IMMUNIZATIONS TETANUS

Tetanus



Unlike the other vaccine preventable diseases, tetanus is not communicable person to person. Tetanus (“lockjaw”) is caused by a potent neurotoxin produced by the anaerobic bacterium Clostridium tetani. The bacterium is a ubiquitous organism found in soil and the intestines of animals and humans. The organism multiplies in wounds—particularly dirty wounds with devitalized tissues—elaborating a plasmid-encoded exotoxin that binds to skeletal muscle and to neuronal membranes without causing an inflammatory response.
Generalized tetanus, the most common form of disease, usually begins with spasms of the face and chewing muscles causing trismus—or as it is popularly called “lockjaw”—causing a characteristic facial expression, the risus sardonicus or sardonic grin. As the illness progresses, trismus is often accompanied by intense muscle spasms.

In the late 1890s it was recognized that passive prophylaxis with equine antiserum could prevent tetanus. This, plus aggressive surgery, was the only means to combat tetanus in World War I. Chemical inactivation of tetanus toxin in the early1920s permitted the active immunization with tetanus toxoid to prevent tetanus by the US Army in World War II. The prophylactic use of vaccine plus post-injury management (a booster dose of tetanus toxoid, aggressive surgery, and passive prophylaxis with antiserum) dramatically reduced the occurrence—and therefore the mortality—of tetanus among the US Army in World War II compared to WWI.
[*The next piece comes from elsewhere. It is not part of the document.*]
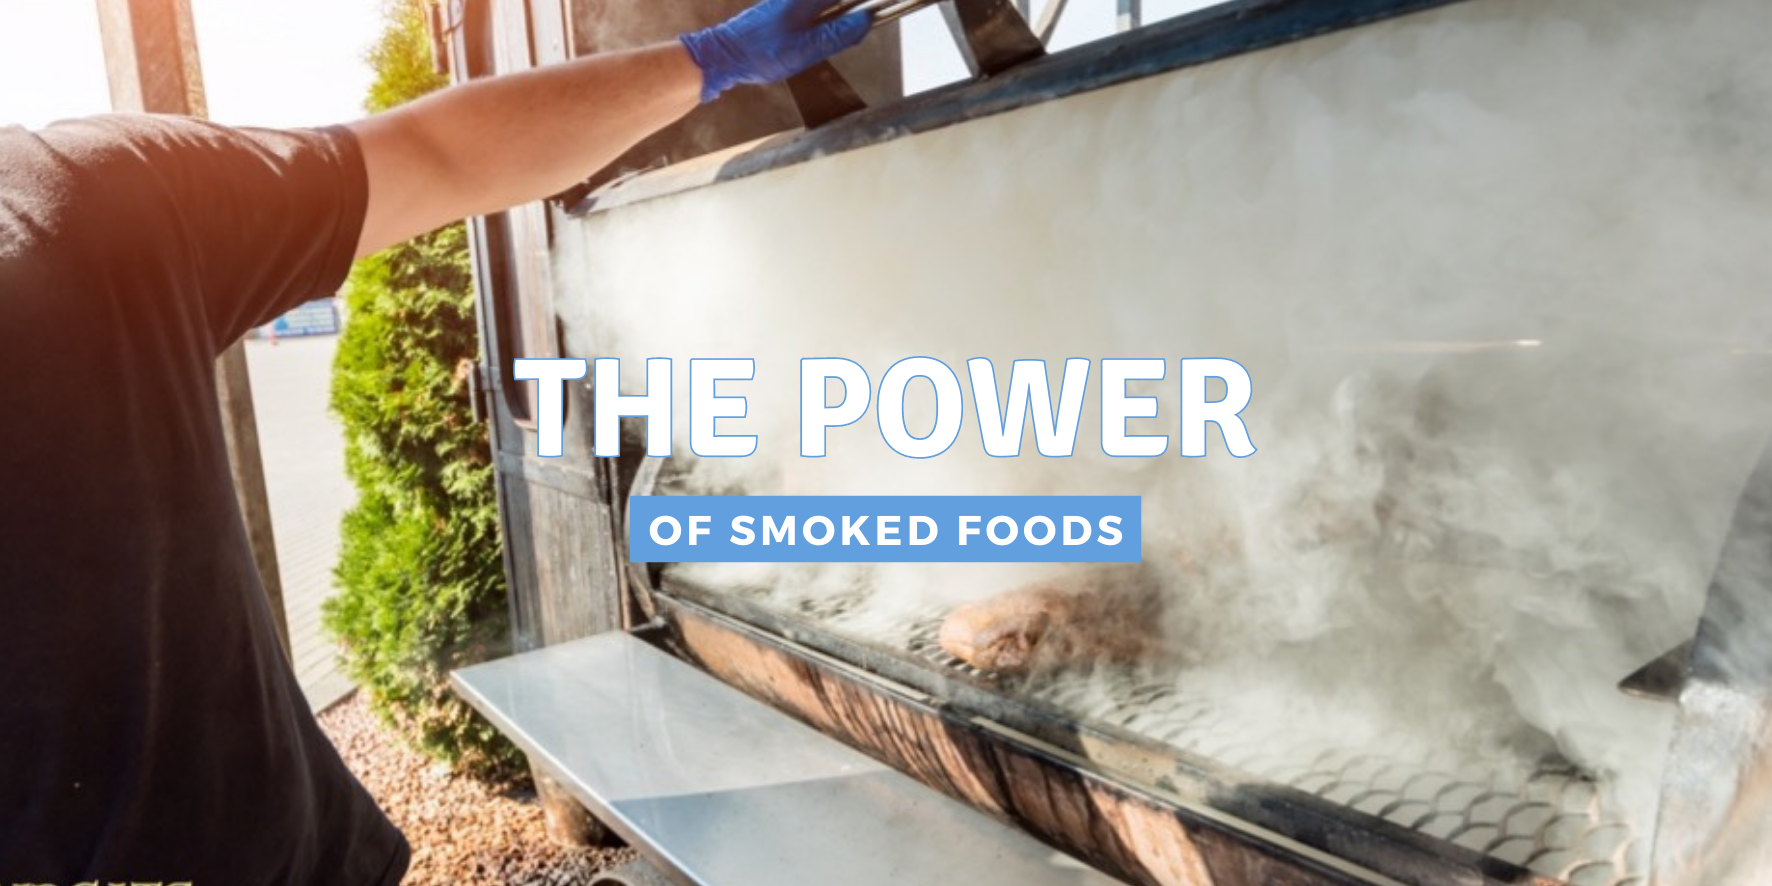 The Power of Smoked Foods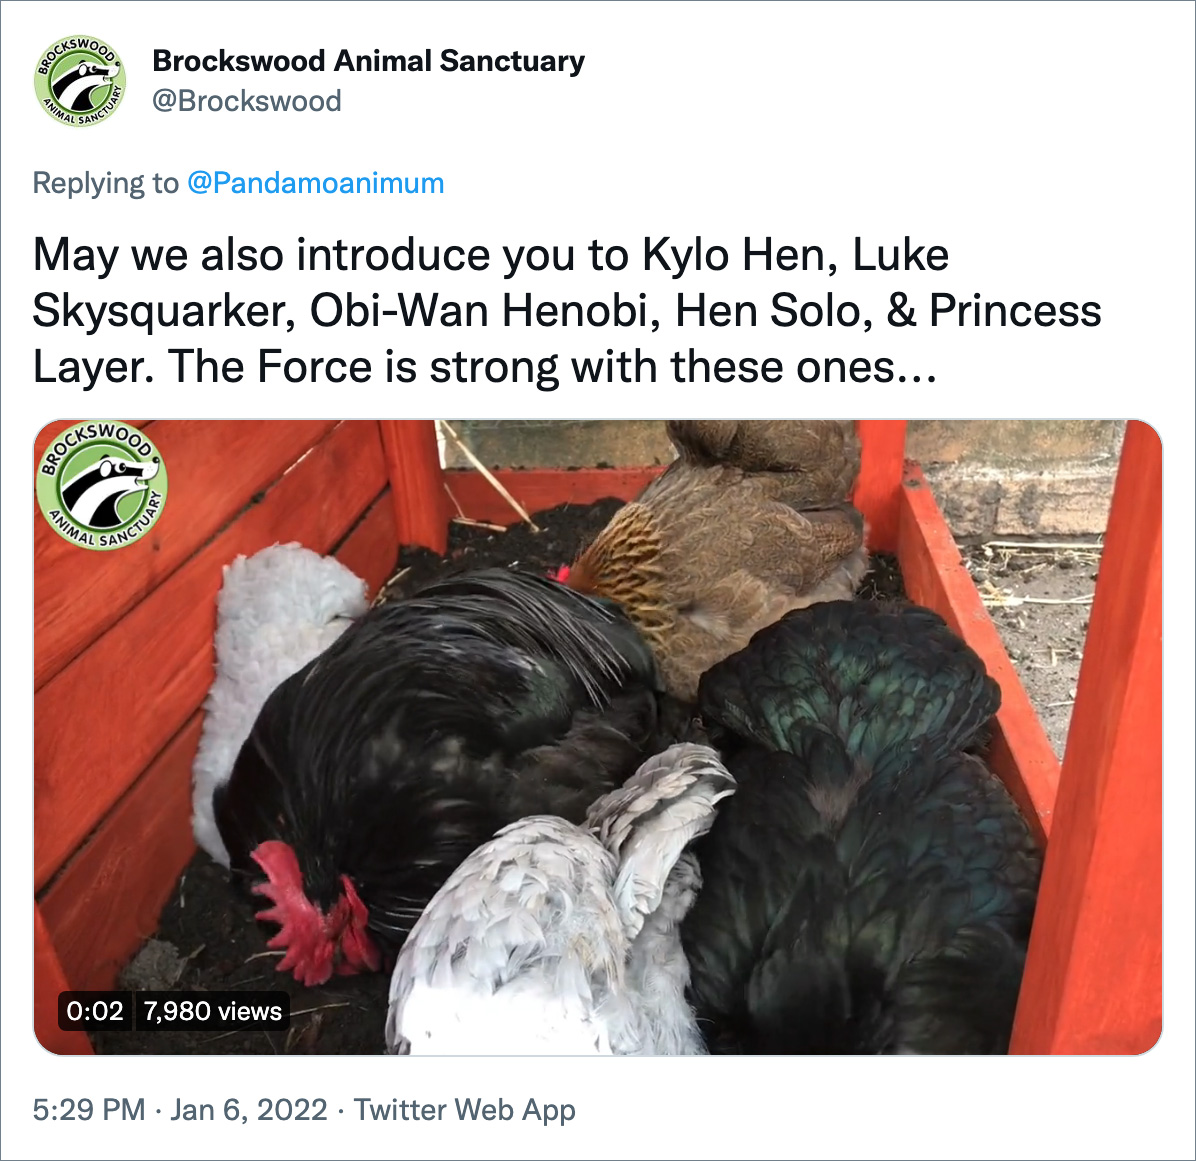 May we also introduce you to Kylo Hen, Luke Skysquarker, Obi-Wan Henobi, Hen Solo, & Princess Layer. The Force is strong with these ones...

Neonatal tetanus—generalized tetanus in newborn infants—occurs in infants whose mothers are not immune because they have not received vaccine. Because of nearly universal immunization with tetanus toxoid, neonatal tetanus is now rare in the USA but remains an important cause of neonatal mortality in developing countries.

In the late 1940s, routine tetanus toxoid immunization of children started in the USA. There has been a steady decline in cases from about 500 to 600 cases a year to the all-time low in 2009 of 18 cases—that is, from 0.4 cases/100,000 population to 0.01cases/100,000 population. Mortality because of better wound care and the use of human tetanus immunoglobulin (which has now replaced horse antiserum) has decreased from 30% to 10%. Persons who recover from tetanus still need to be immunized against tetanus, however, as immunity is not acquired after tetanus. That is, so-called natural immunity to tetanus does not occur.

Almost all cases of human tetanus that occur in the USA now occur in adults who have either not been immunized or have not had a booster dose within 10 years.